**Dataset section:**
Content starts

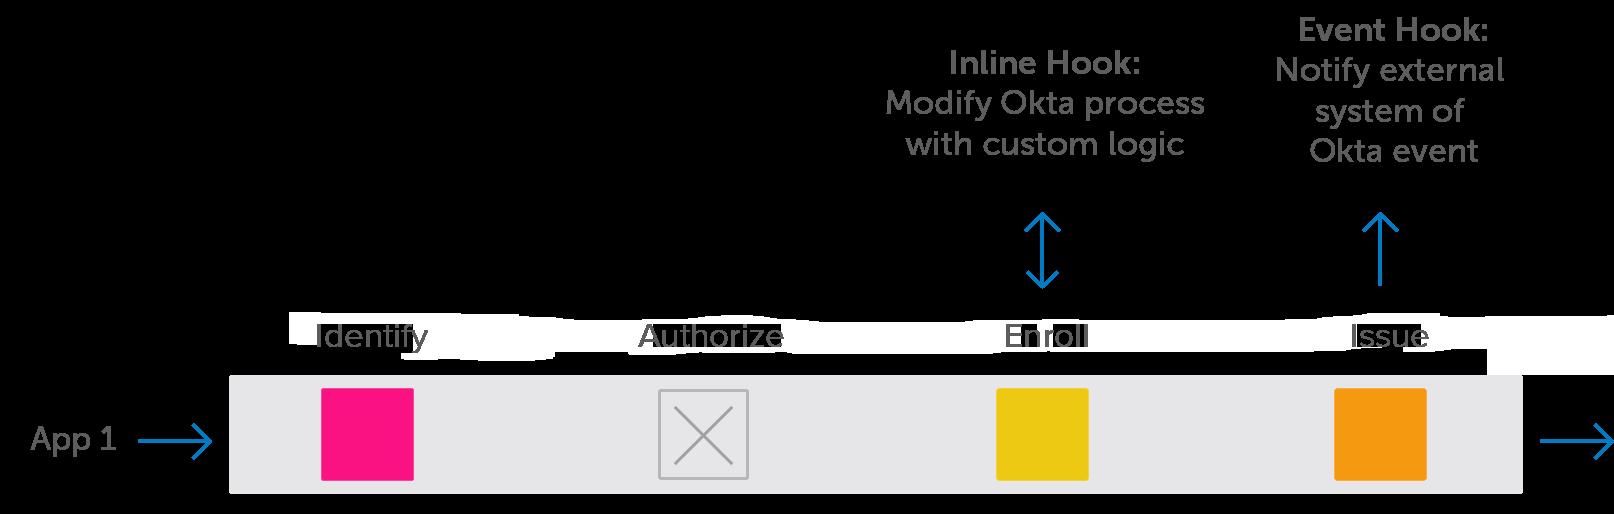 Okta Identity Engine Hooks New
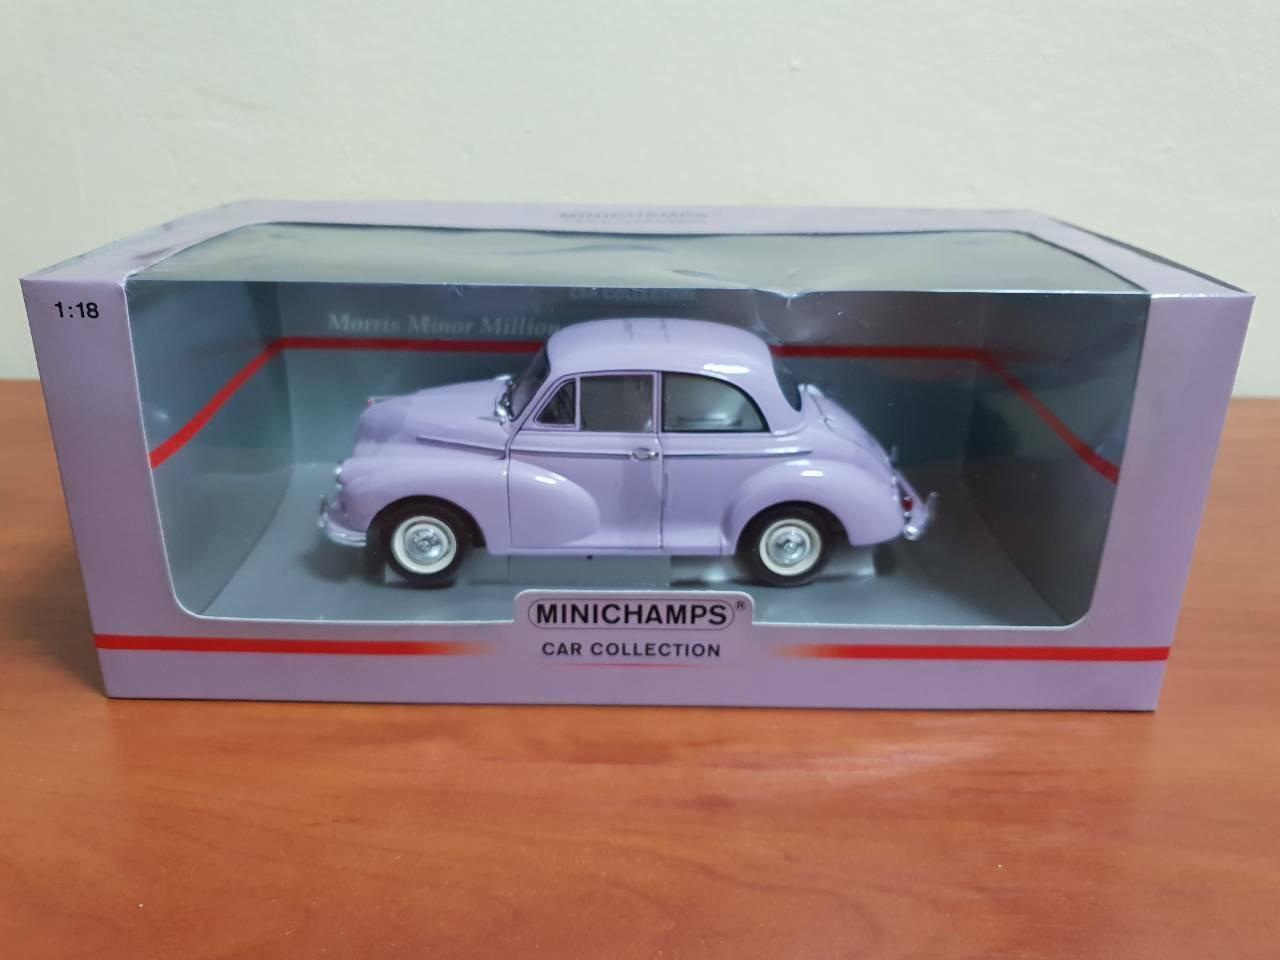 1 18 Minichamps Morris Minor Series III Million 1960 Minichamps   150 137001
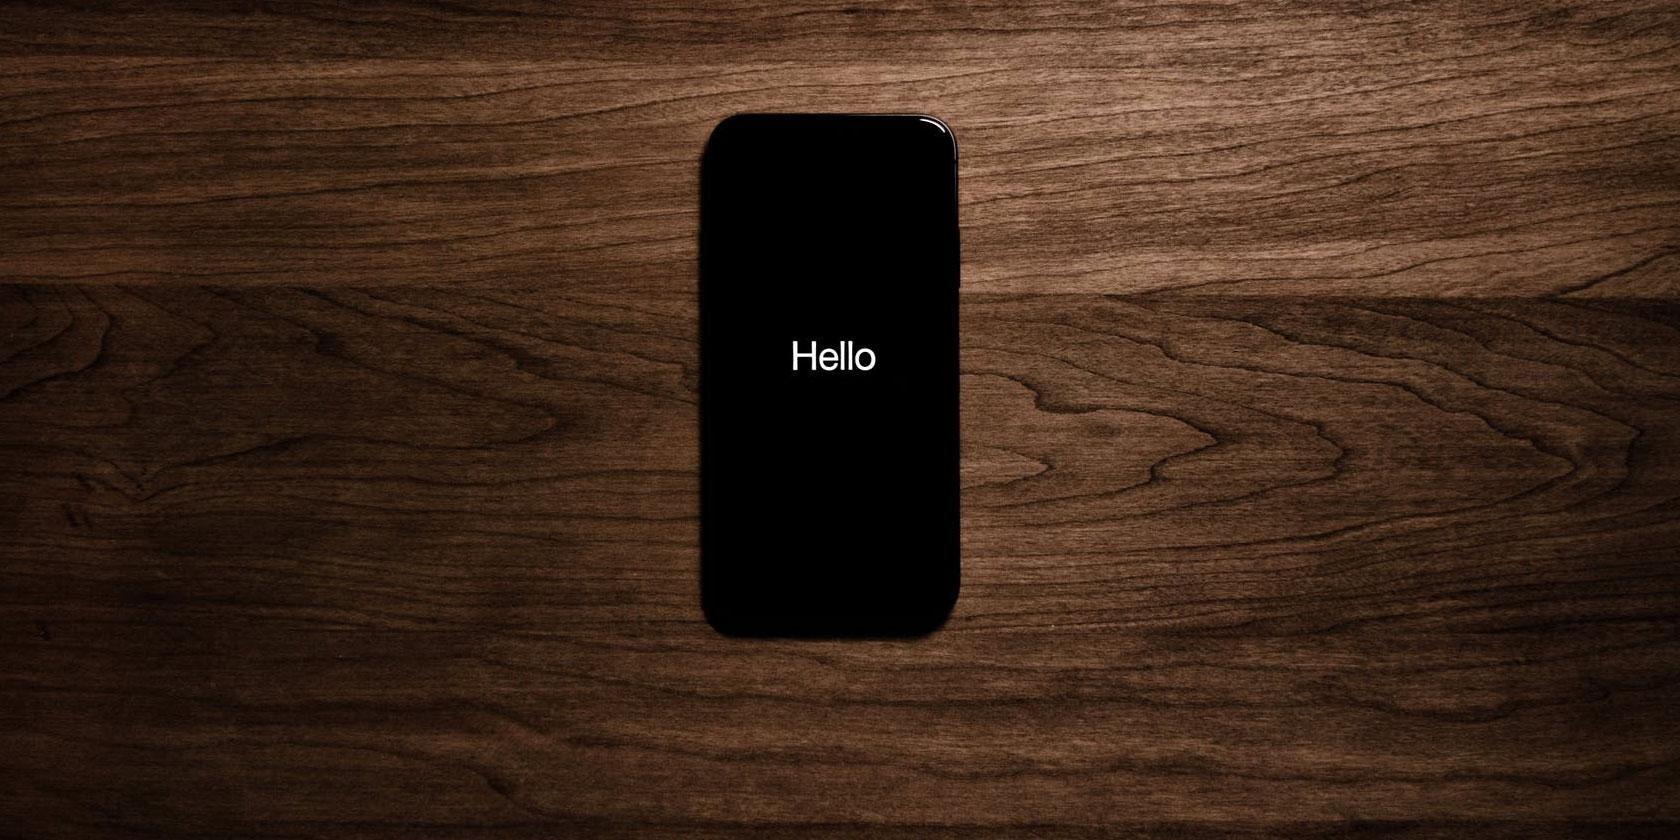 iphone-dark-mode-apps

Content ends

**Your assignment:** Return the listing above unchanged, apart from dropping its pictures.

**Final answer:**
 Okta Identity Engine Hooks New
 1 18 Minichamps Morris Minor Series III Million 1960 Minichamps   150 137001
 iphone-dark-mode-apps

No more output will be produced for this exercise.